I notice this especially in the case of teenage pregnancy, the girl takes on the full time responsiblity, while the man often continues on as if nothing happened and refuses to be any part of the chid's life. 
It seems so sexist and I really feel for women in that position.


----------



## gemabee

it is a legal responsibility for the biological dad to pay maintenance for the child... if they don't pay willingly then u can take them to court.
a big part of the reason that women are left holding the baby when a relationship breaks down is for 2 reasons:
1 - the couple broke up during the pregnancy nd as it was the mum who decided to keep nd carry the child (sometimes against the fathers wishes)... then naturally nd automatically the mother keeps the child.
2 - the whole 'maternal' instinct of bein a mother... a child needs its mother... its a purely natural and traditional thing.

i personally (nd i know a lot agree with me)... don't see it that the father gets off as scot-free... its purely down to the fact that i would WANT to be the main care giver more than i would want to be able to go out, have fun, etc.
xx


----------



## Puma36

I was a single mum my husband left me with a 4yr and 2yr old to bring up, they're now 13 and 11 yrs, i went through the csa and he had to pay me 20% (15% for 1 child) of his earnings i don't know if its still the same as his payments haven't changed in years and the csa wont get involved anymore as he pays voluntary now and not taken out of his earnings x


----------



## AbbynChloe

I have a private agreement with Chloe's dad - and we try to negotiate fairly, but he is fully aware that if we ever come to disagree on how much he should pay, i'd go straight to CSA, simply telling him "it will reduce the stress if there was a third party dealing with the money issue between us"

Yes the biological dad MUST pay maintainance towards the child, if you are not married, be sure to put his name on the birth certificate to save you problems in the future.

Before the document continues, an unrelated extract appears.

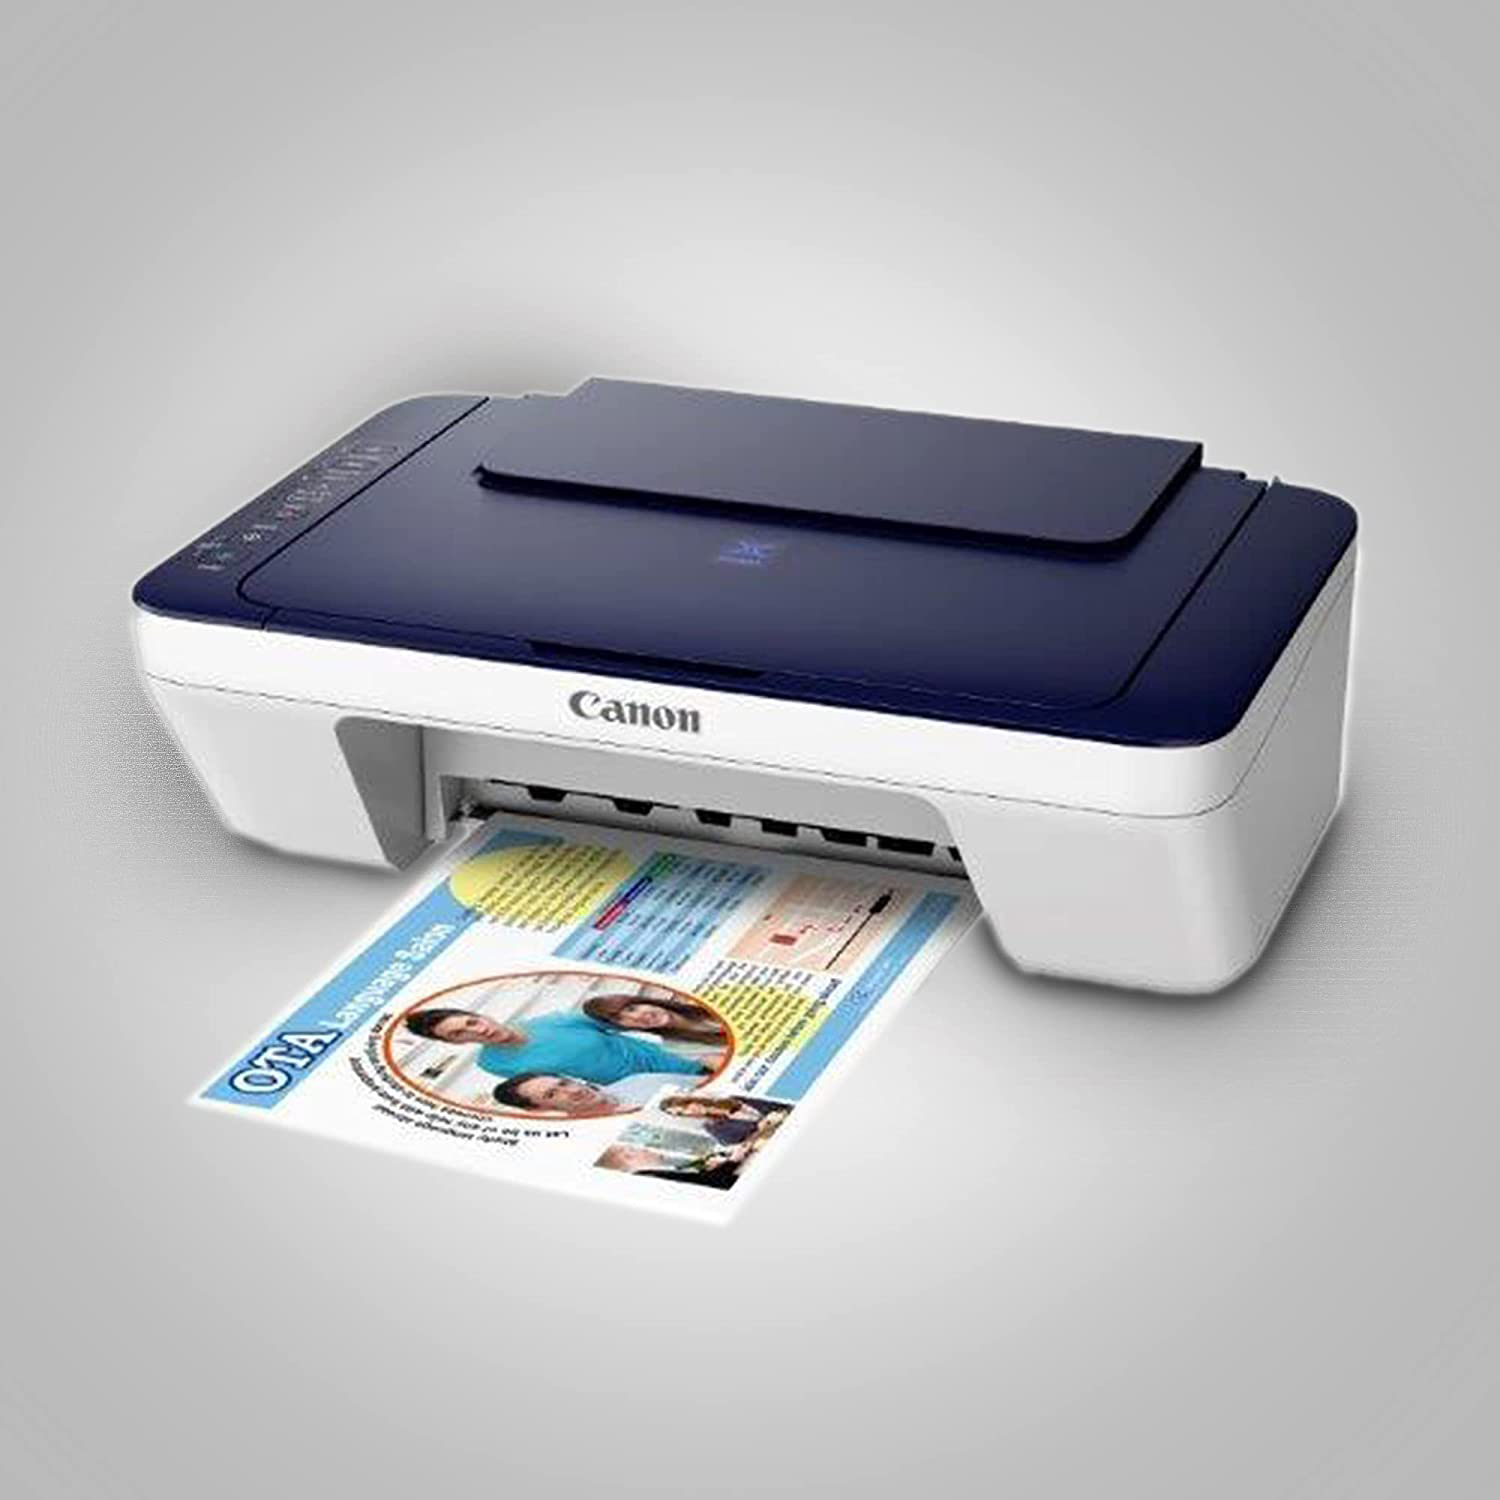 Canon PIXMA E477 All-in-One Wireless Ink Efficient Color Printer (White/Blue)
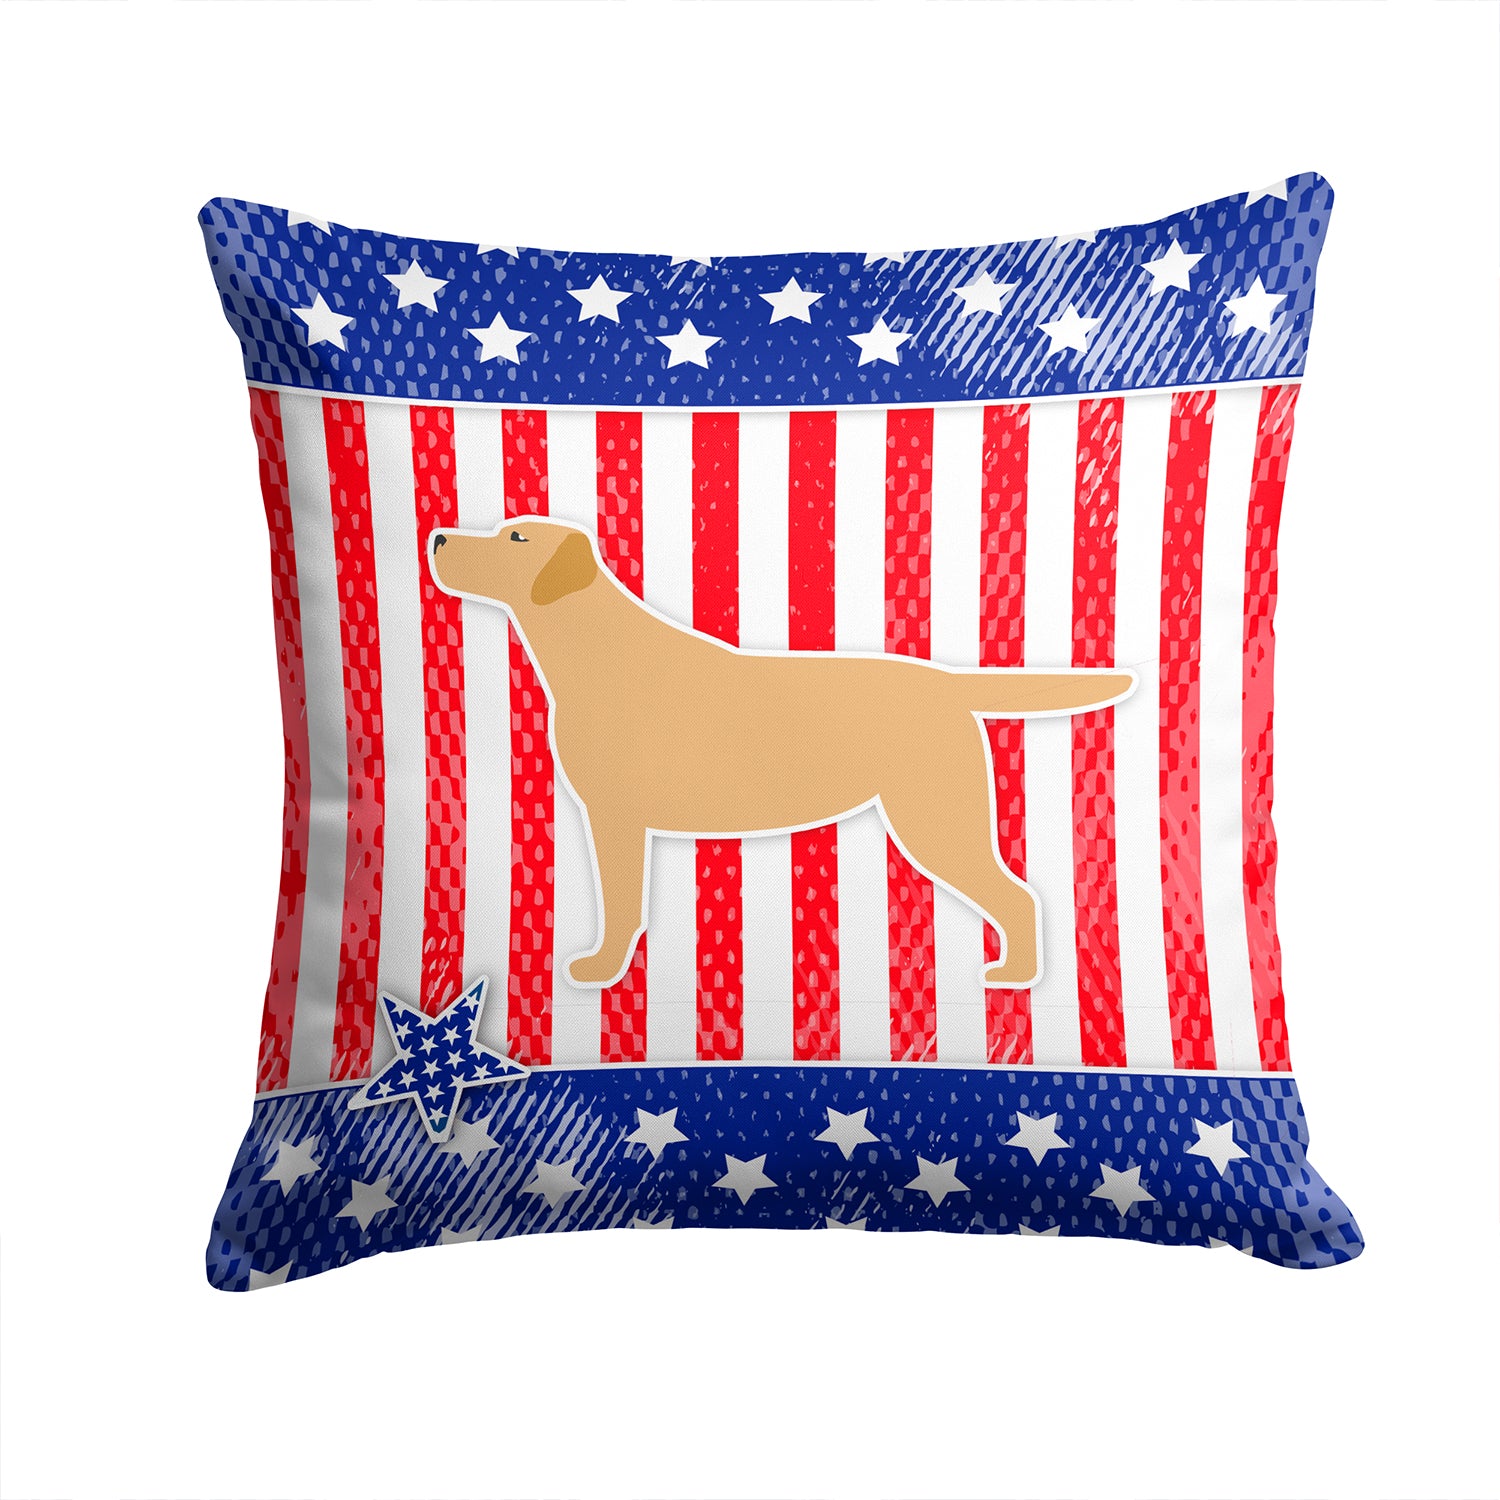 USA Patriotic Yellow Labrador Retriever Fabric Decorative Pillow BB3297PW1414 - the-store.com

Seems to work for now - but it is very dependent on the character of FOB

Wish i could be more help.


----------



## anna matronic

I am not claiming anything from father of my child but that is my choice at the moment. I can go through CSA and make him pay, but I am choosing not to. I may well change my mind later though.


----------



## xJG30

Tom's dad is on the BC but doesn't pay.

Doesn't overly bother me anymore as he tends to stay out of our life.


----------



## shiawase

I didnt go through csa but i might do later on if he stops paying. He should give me £40 a month but i had £20 this month he will see liam once a week or when he can dont know how he does it tho he hasnt seen him for nearly a month now it makes me angry as liam should see his dad he hardly knows him these days!


----------



## lal

They are legally required to support the baby financially - go through the government, and it will be automatic, even if you are on friendly terms. Because friendly terms change! I almost felt bad going to a lawyer before I talked to him, but I knew I'd never ask for what I needed otherwise, and that any $ he isn't giving me for this baby will be spent on bars and women. And someday, if he does grow up and settle down with someone else, odds are she will not be very helpful with the situation, I want it all sorted out and established on paper right now!


----------



## wishuwerehere

He doesn't right now as he's a student, but the day he graduates a letter will be landing on his doormat from csa!


----------



## Pyrrhic

He's supposed to pay me a minimum of £400 a month for child maintenance, but I'm yet to see the full amount in my bank account.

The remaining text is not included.